### What is required
Transcribe exactly, and without pictures, the lines from the one that contains "Michelin Pilot Road" through the last line of the material.

### Given information
= = = =

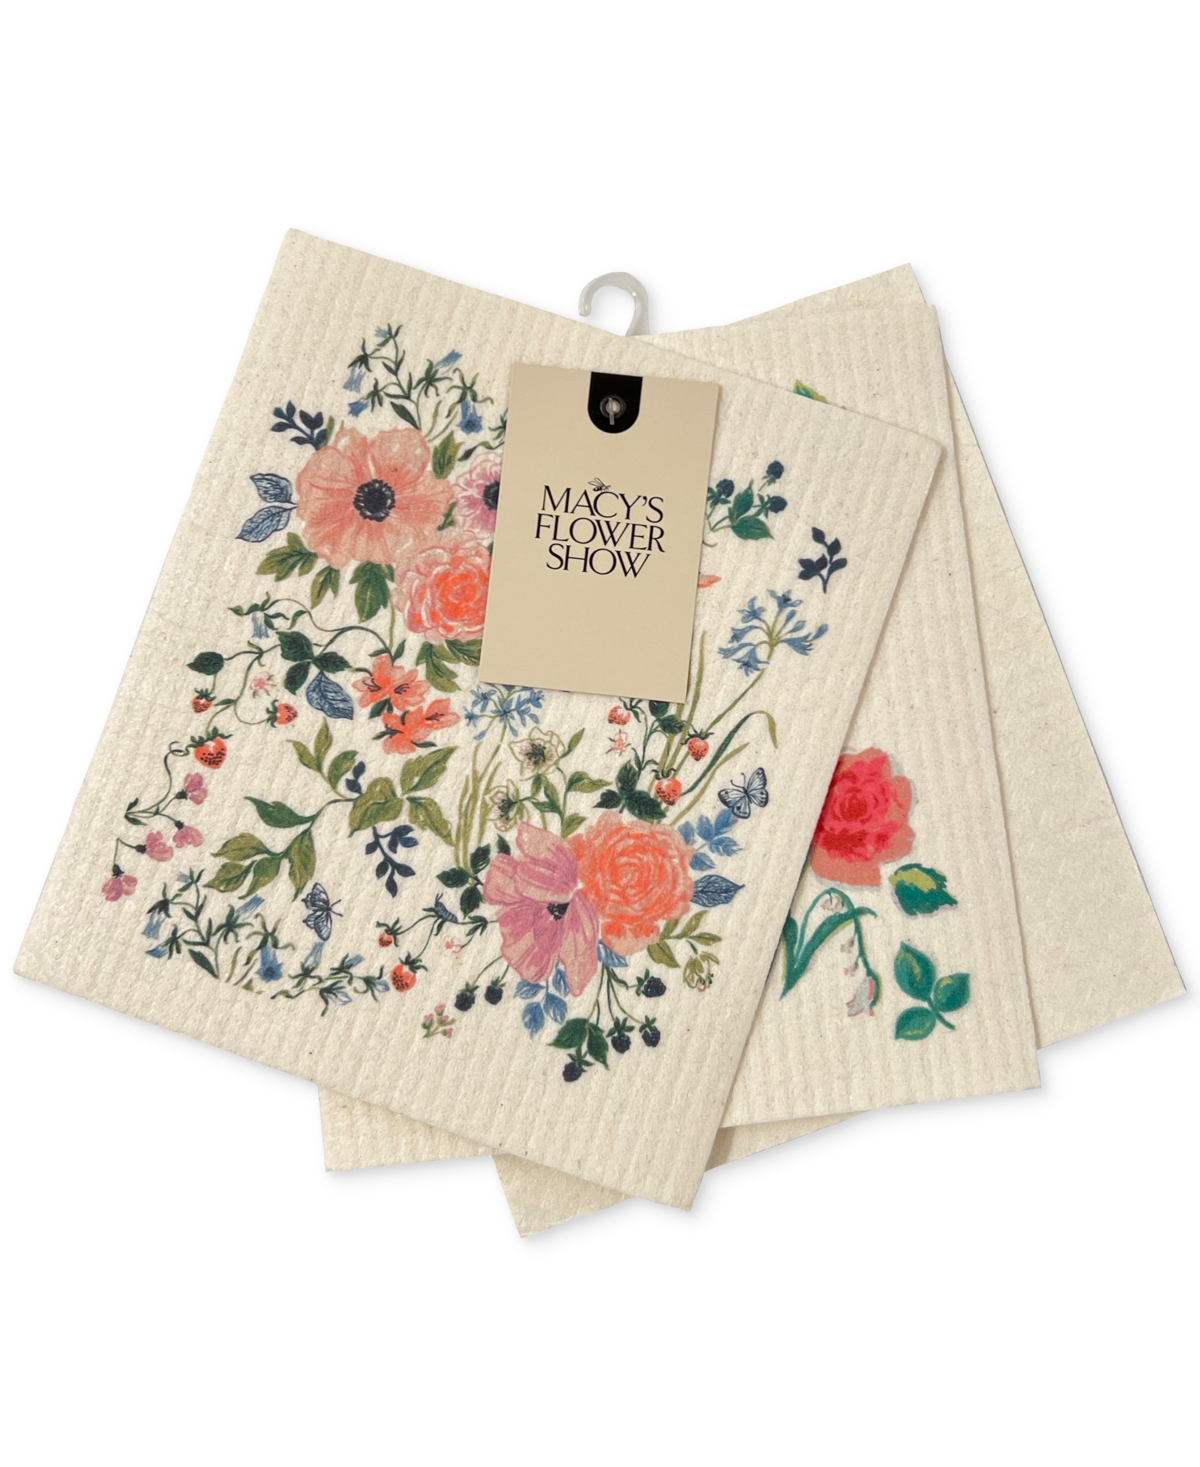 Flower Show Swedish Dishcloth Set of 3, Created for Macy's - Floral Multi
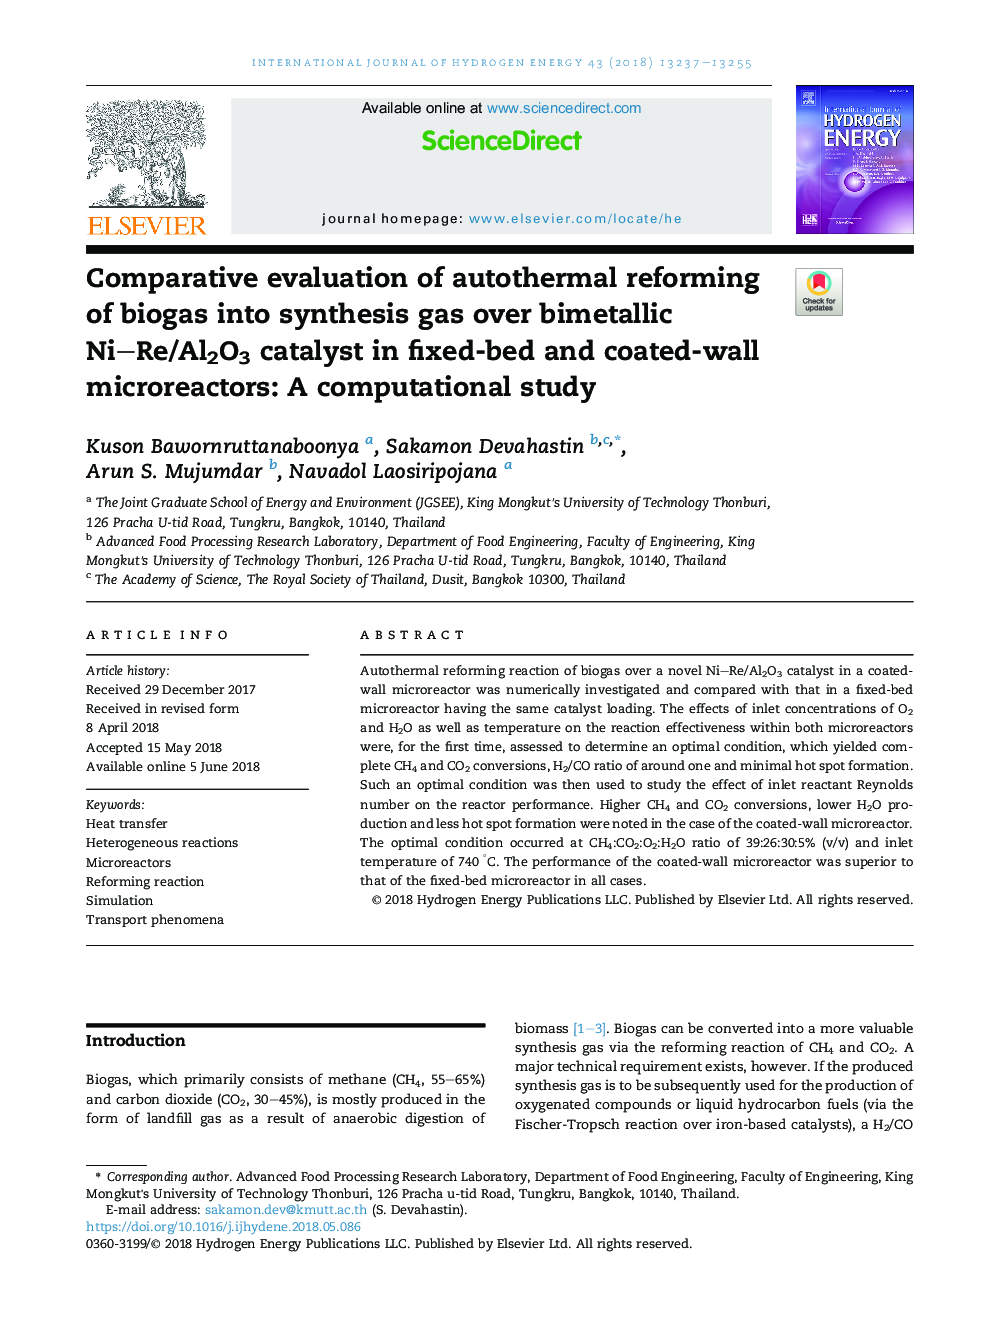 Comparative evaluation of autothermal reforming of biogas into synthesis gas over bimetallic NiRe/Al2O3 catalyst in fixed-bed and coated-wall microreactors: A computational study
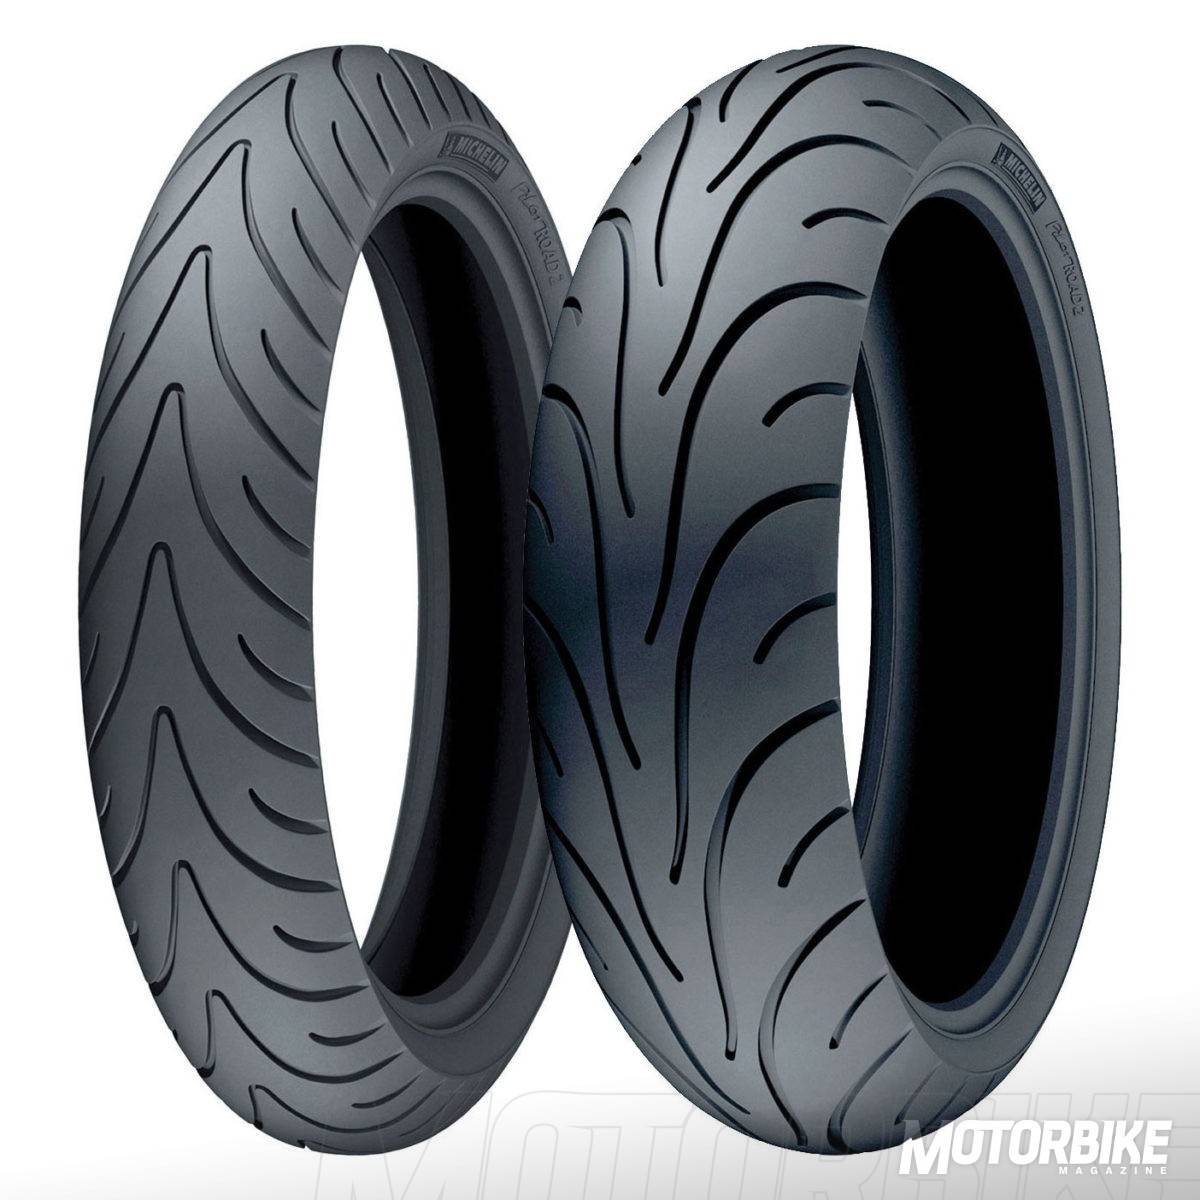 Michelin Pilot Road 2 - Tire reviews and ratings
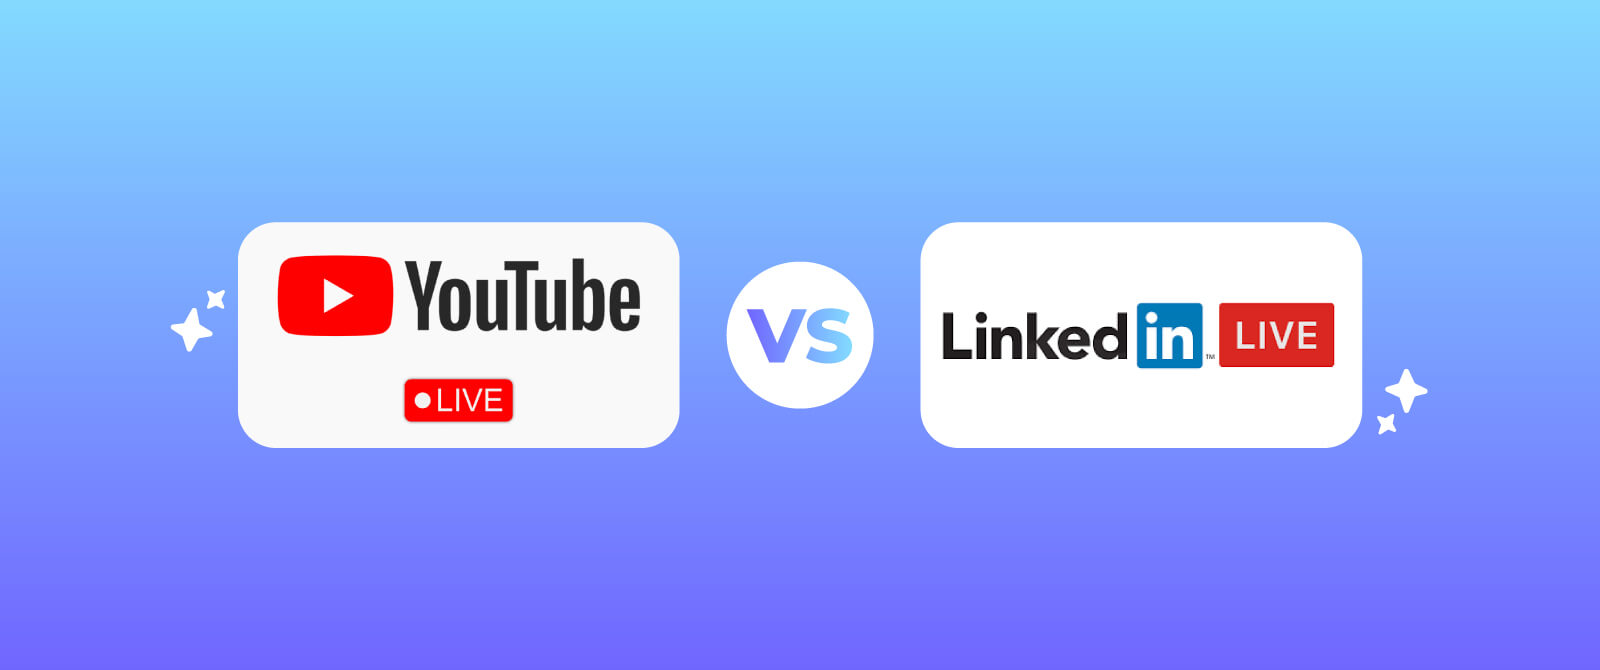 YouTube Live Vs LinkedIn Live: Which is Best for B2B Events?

= = = =

### Answer section
 Michelin Pilot Road 2 - Tire reviews and ratings
 YouTube Live Vs LinkedIn Live: Which is Best for B2B Events?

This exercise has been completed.